Regardless, I took the next day off from work, feeling a rush of urgency. The city’s regulations required that as soon as there was a positive case in a compound, another 14-day lockdown would begin. Indeed, many of my friends had watched their 14-day clock start again, day after day, as cases rose with no end in sight. This could be a rare window before I was ordered to go back inside.
I ventured out farther, eager to see if anything was open. I brought out my bicycle and packed snacks, water, a roll of disinfectant wipes, my phone, keys, hand sanitizer, and some extra masks. Then I pedaled out onto the streets. Colleagues in other Chinese cities, unaware of how shuttered Shanghai had become, told me I ought to find something nice to eat. But no matter where I pedaled, everything was closed. Police tape blocked off parks, sidewalks, and store entrances. Eventually I saw metal crowd-control gates hemming in the sidewalks. The barricades all seemed to convey the same message: “Don’t you dare,” as if we were about to commit a crime. I passed several delivery drivers sleeping in thin tents under a bridge, having been barred from returning to their apartment complexes.
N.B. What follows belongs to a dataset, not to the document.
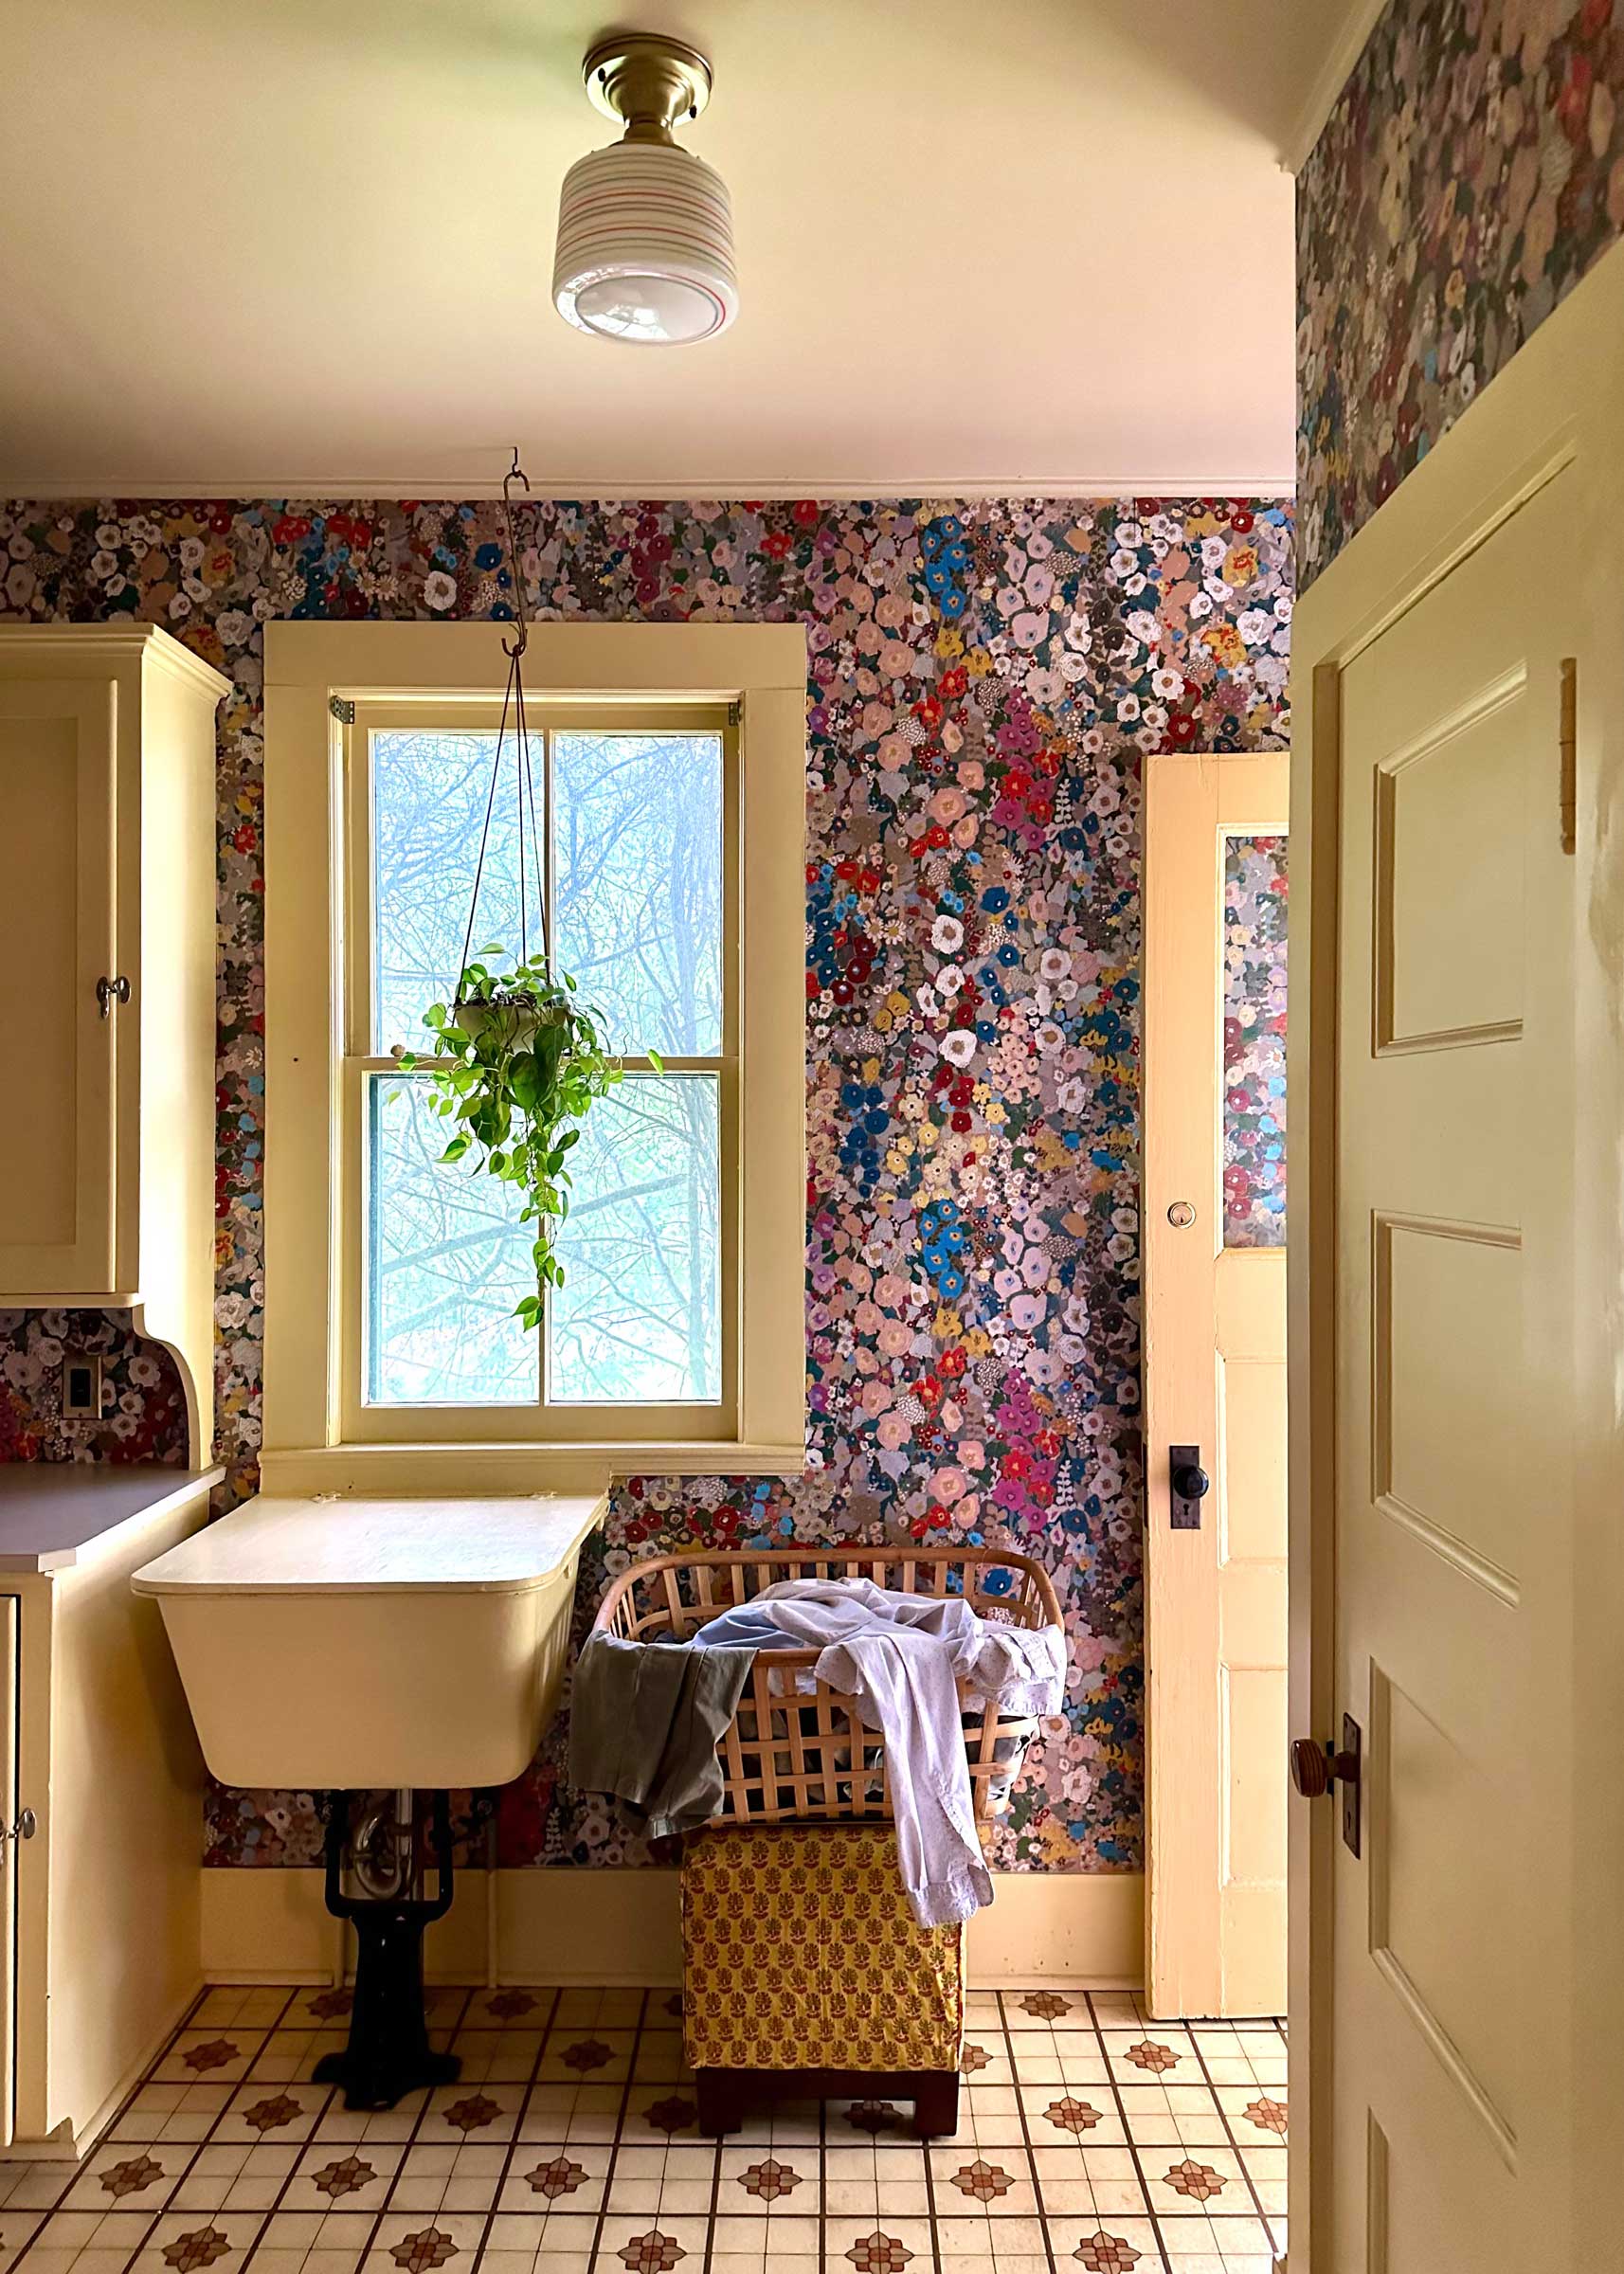 A laundry room with floral wallpaper.

I passed by an apartment building with several residents leaning out their windows and arguing with the delivery drivers in PPE below them, seemingly because a female resident needed help. “You good-for-nothing!” one resident yelled down at a driver in exasperation. “What are you arguing with her for?”
I was stopped at a couple of police barricades and asked to show my proof of negative nucleic acid tests to proceed. I pedaled faster until I was rocketing along the empty streets. My city had become unrecognizable. It’s usually so loud, with car horns, conversations, footsteps, shop doors opening and closing, woks sizzling, and the bustle of millions making their ways through life. Take it all away and the city is as quiet as the shifting desert sands.
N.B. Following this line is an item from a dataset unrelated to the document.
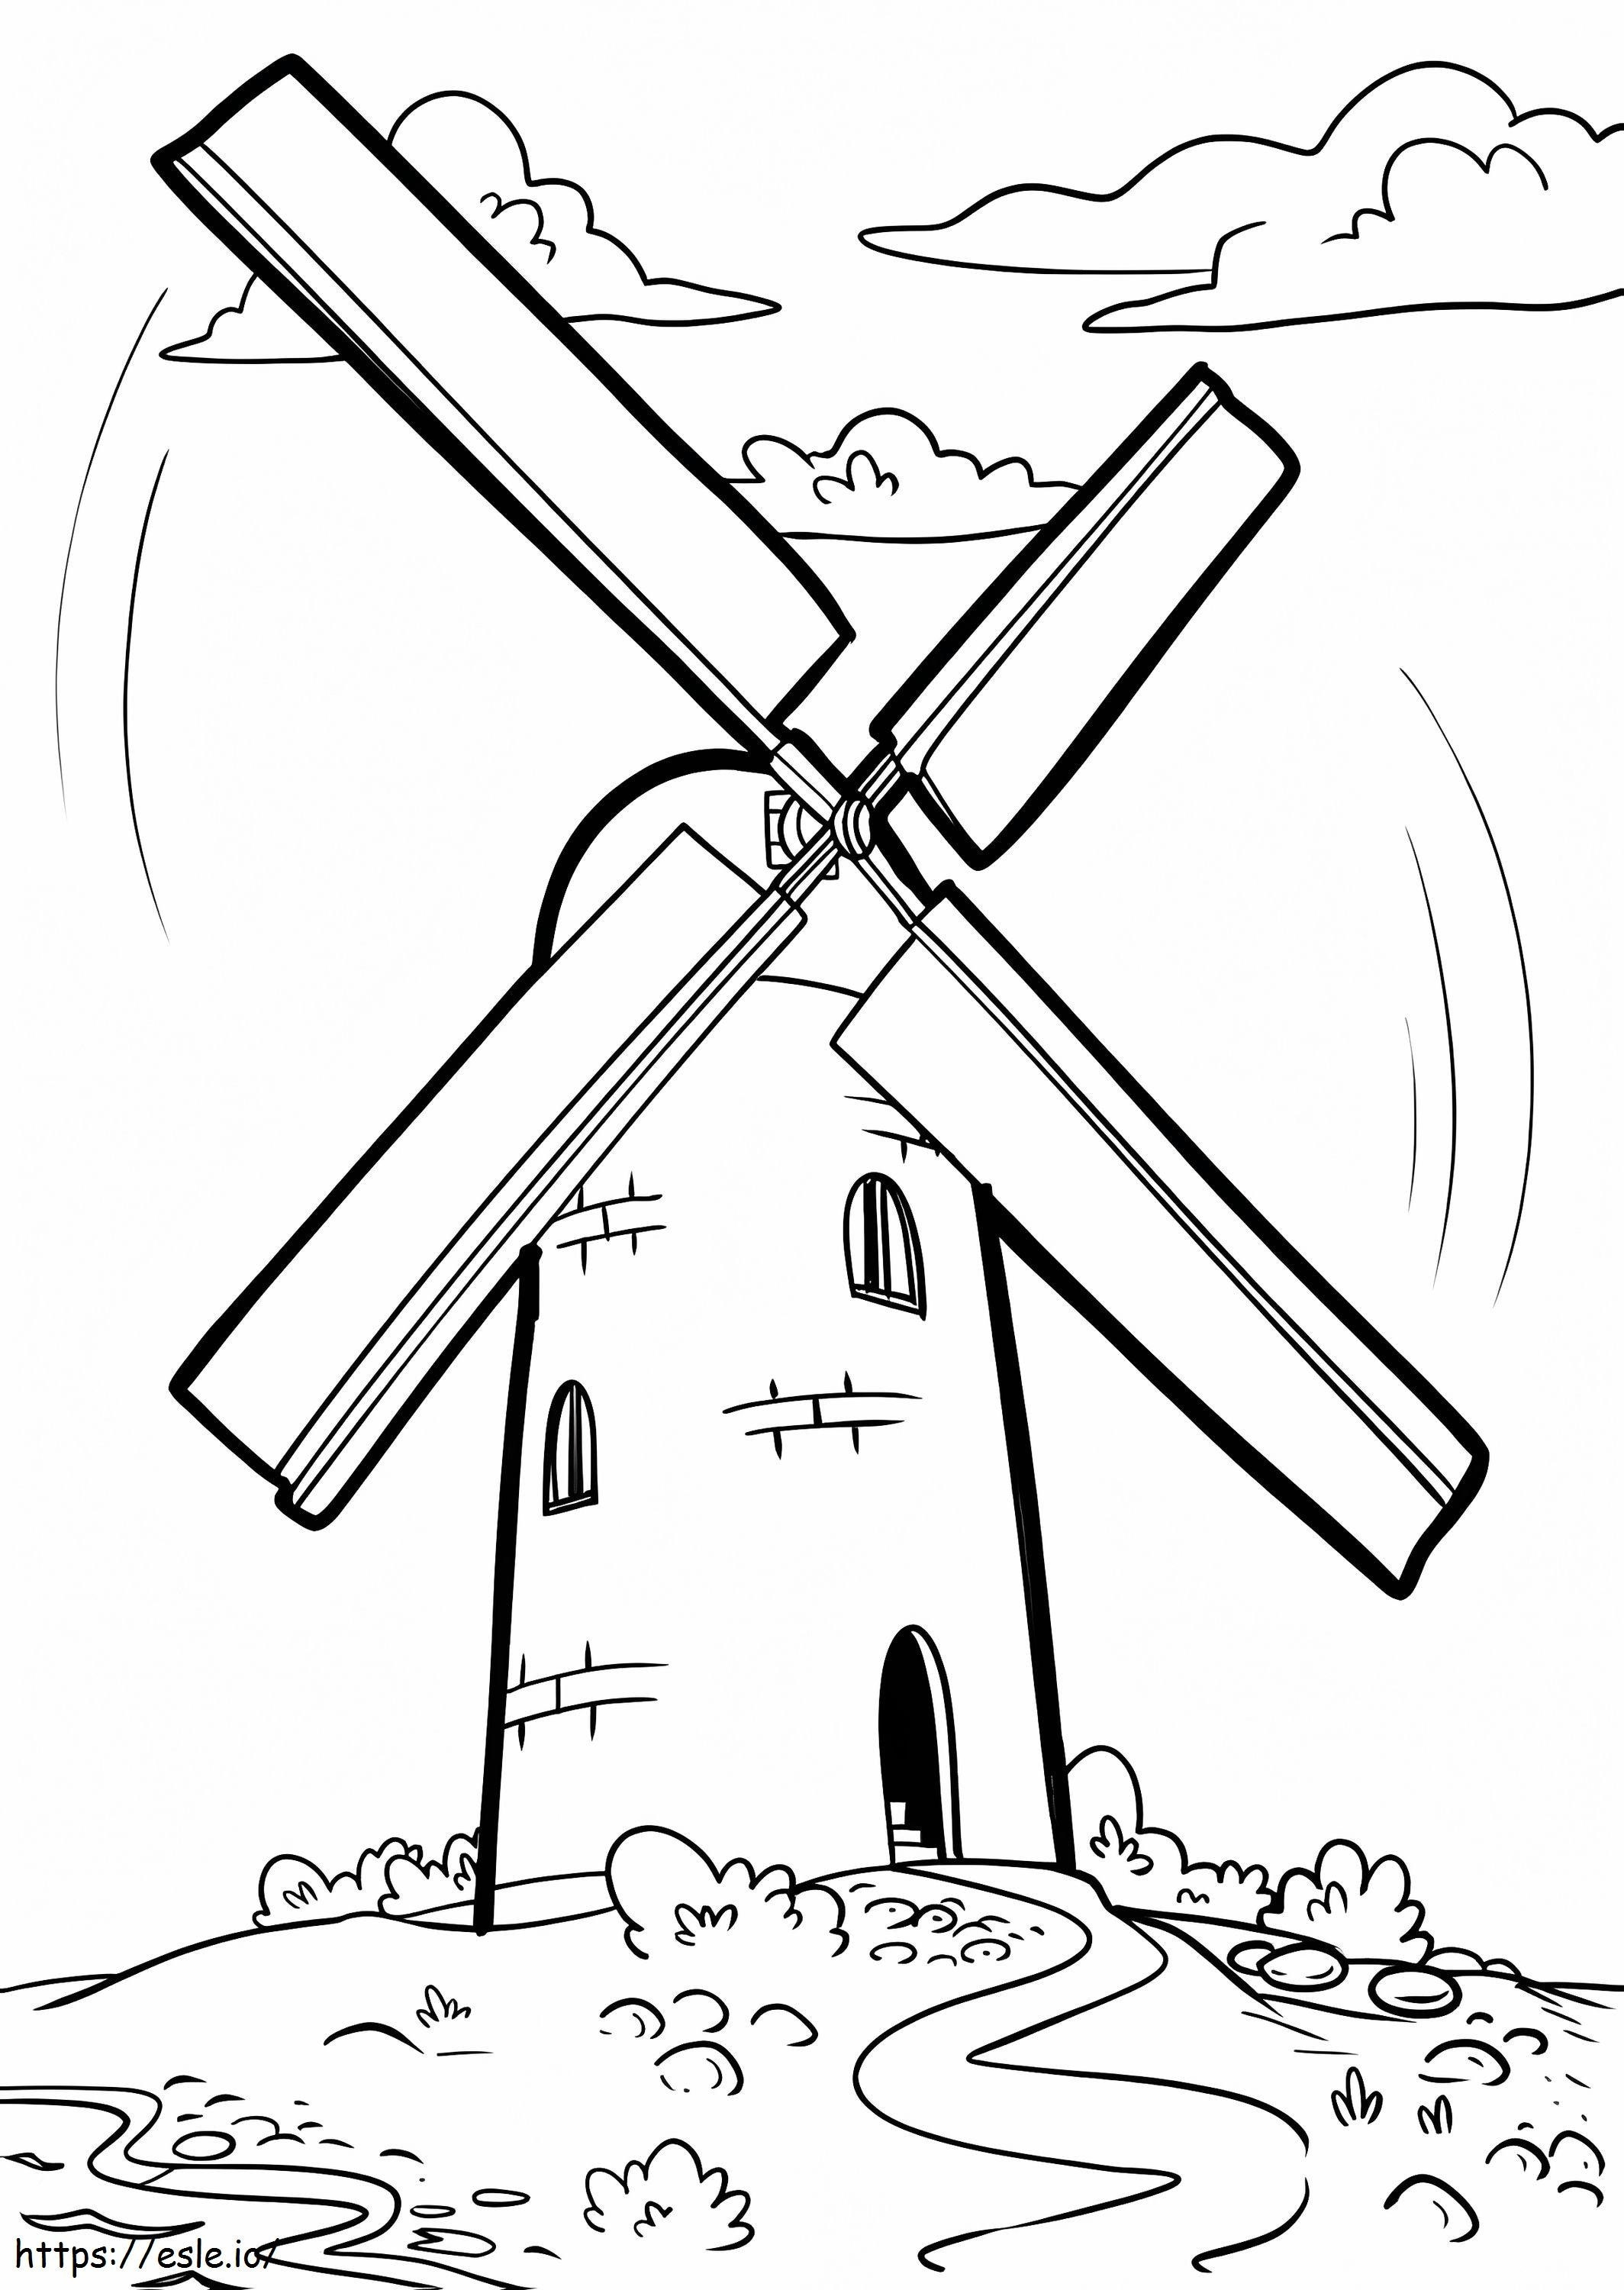 Windmill 2 coloring page

And just as each sound is amplified in the silence of the desert, so is each outcry in a locked-down city. A widely shared video called “Voices of April” is filled with stern government messages, chilling sound bites from those sent to centralized quarantine, and the voices of locked-down people chanting for supplies and banging pots and pans as they faced starvation in one of the richest cities in the world. It appeared in a couple of iterations until government censors made it disappear. A friend of mine reposted it on six different channels in a single day on the ubiquitous social media platform WeChat. The anger in each repost, in the sheer volume of shares, is deafening.
As May began, a trickle of people began venturing outside. But I am overcome by how much is still shuttered. Walking alongside plastic bags floating like tumbleweeds, I realize that most residential compounds I pass are still filled with people unsure of when they can leave. Some with young children. Some with elderly residents in need of medical care. Some with expats or those from other provinces who may now always think of Shanghai as the locked-down city.
Shanghai has already begun redefining what “zero COVID” ought to mean for the megacity. It’s now aiming for what it calls “societal zero COVID.” One announcement mentioned “basically zero COVID.” But whatever version of “zero” officials settle on, the current lockdown may not be the last.
The view from the streets is clear. It’s going to take more than the lockdowns ending for this city to heal.
For now, all I can hope is that this silence does not endure much longer.
Hannah Lund is a writer and translator based in Shanghai.